### What the exercise asks
Starting at the line holding "krásná přenosná sluchátka" and finishing at the line holding "SO.YA Square - Matte Black Glasses アイウェア", transcribe the material exactly, keeping both ends but no pictures.

### Data provided
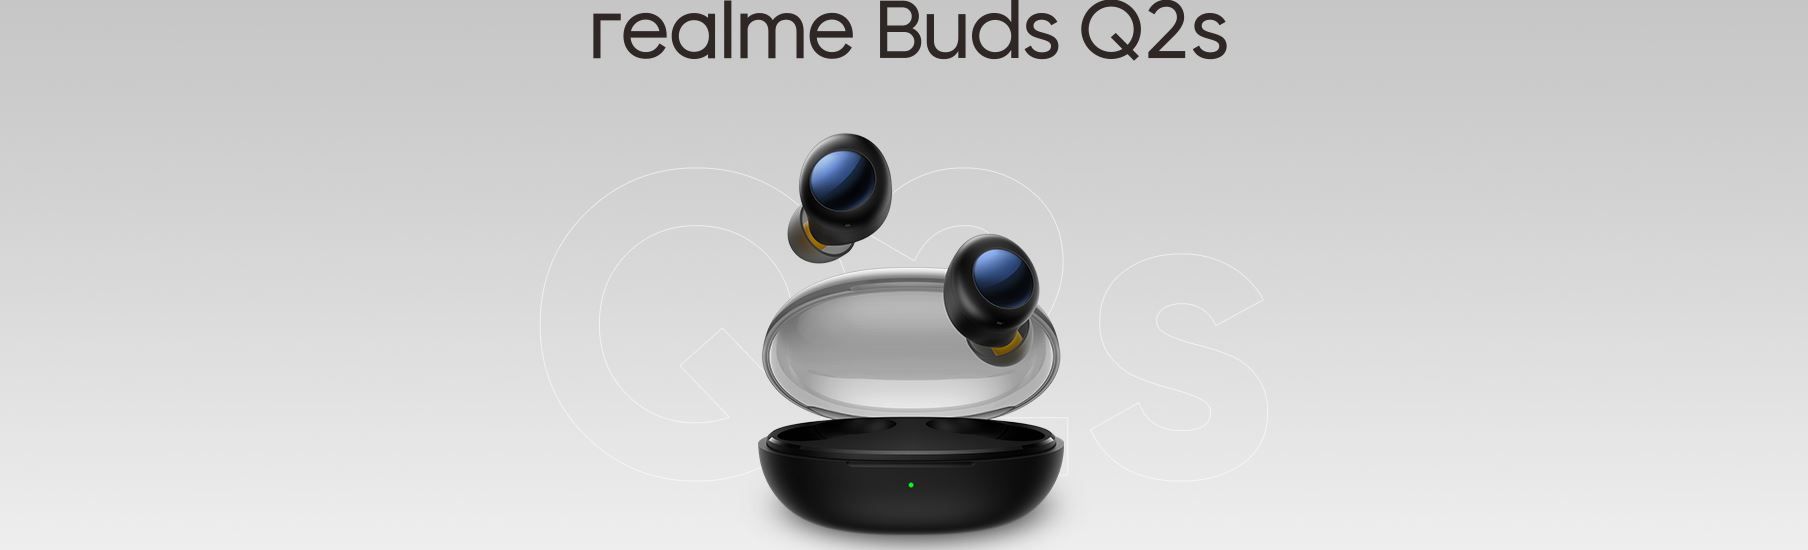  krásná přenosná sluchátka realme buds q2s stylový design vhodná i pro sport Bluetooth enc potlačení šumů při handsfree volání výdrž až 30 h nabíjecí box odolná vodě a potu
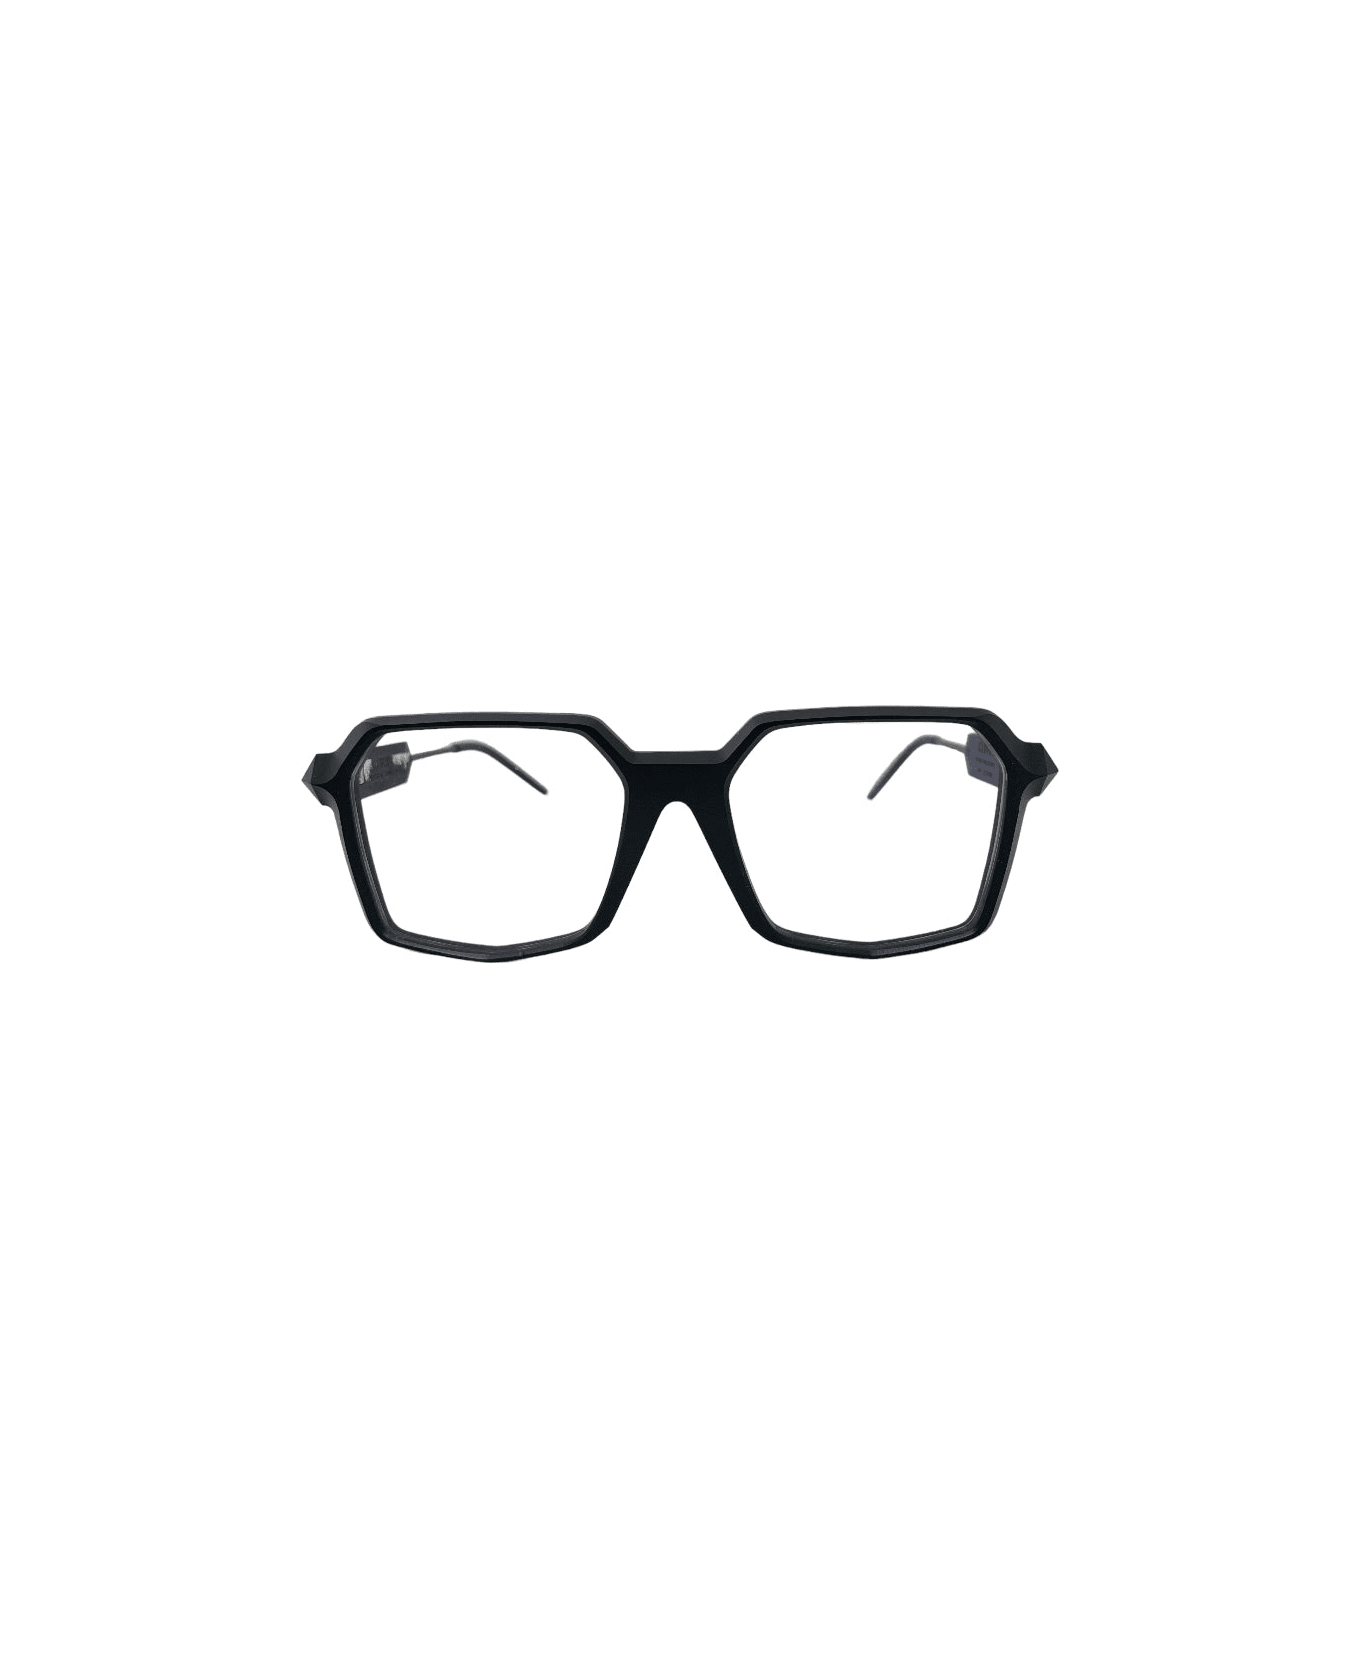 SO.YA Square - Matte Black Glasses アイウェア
---
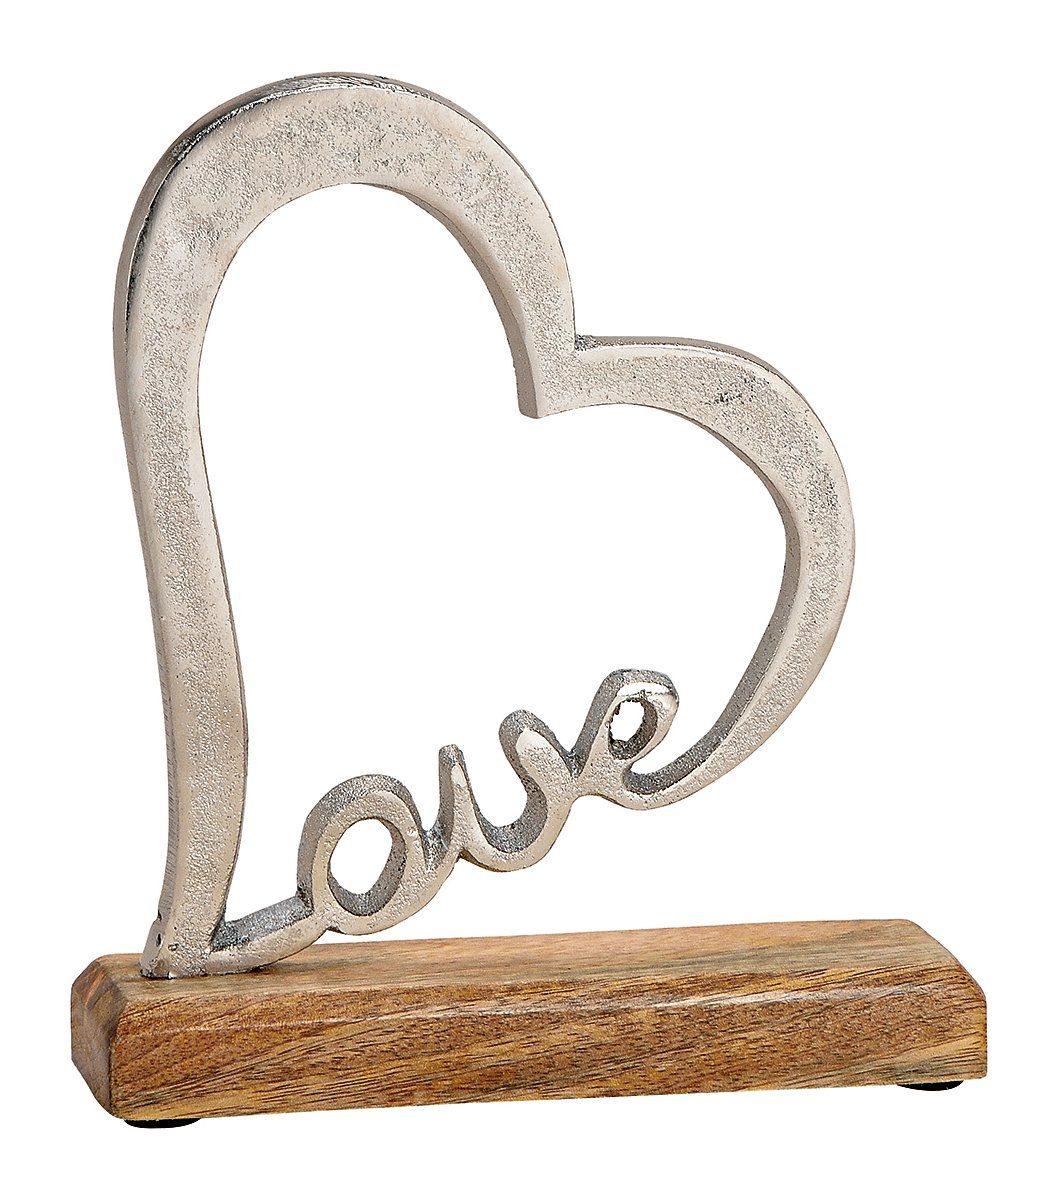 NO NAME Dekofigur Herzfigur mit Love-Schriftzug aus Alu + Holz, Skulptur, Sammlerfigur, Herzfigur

### Exercise response
  krásná přenosná sluchátka realme buds q2s stylový design vhodná i pro sport Bluetooth enc potlačení šumů při handsfree volání výdrž až 30 h nabíjecí box odolná vodě a potu
 SO.YA Square - Matte Black Glasses アイウェア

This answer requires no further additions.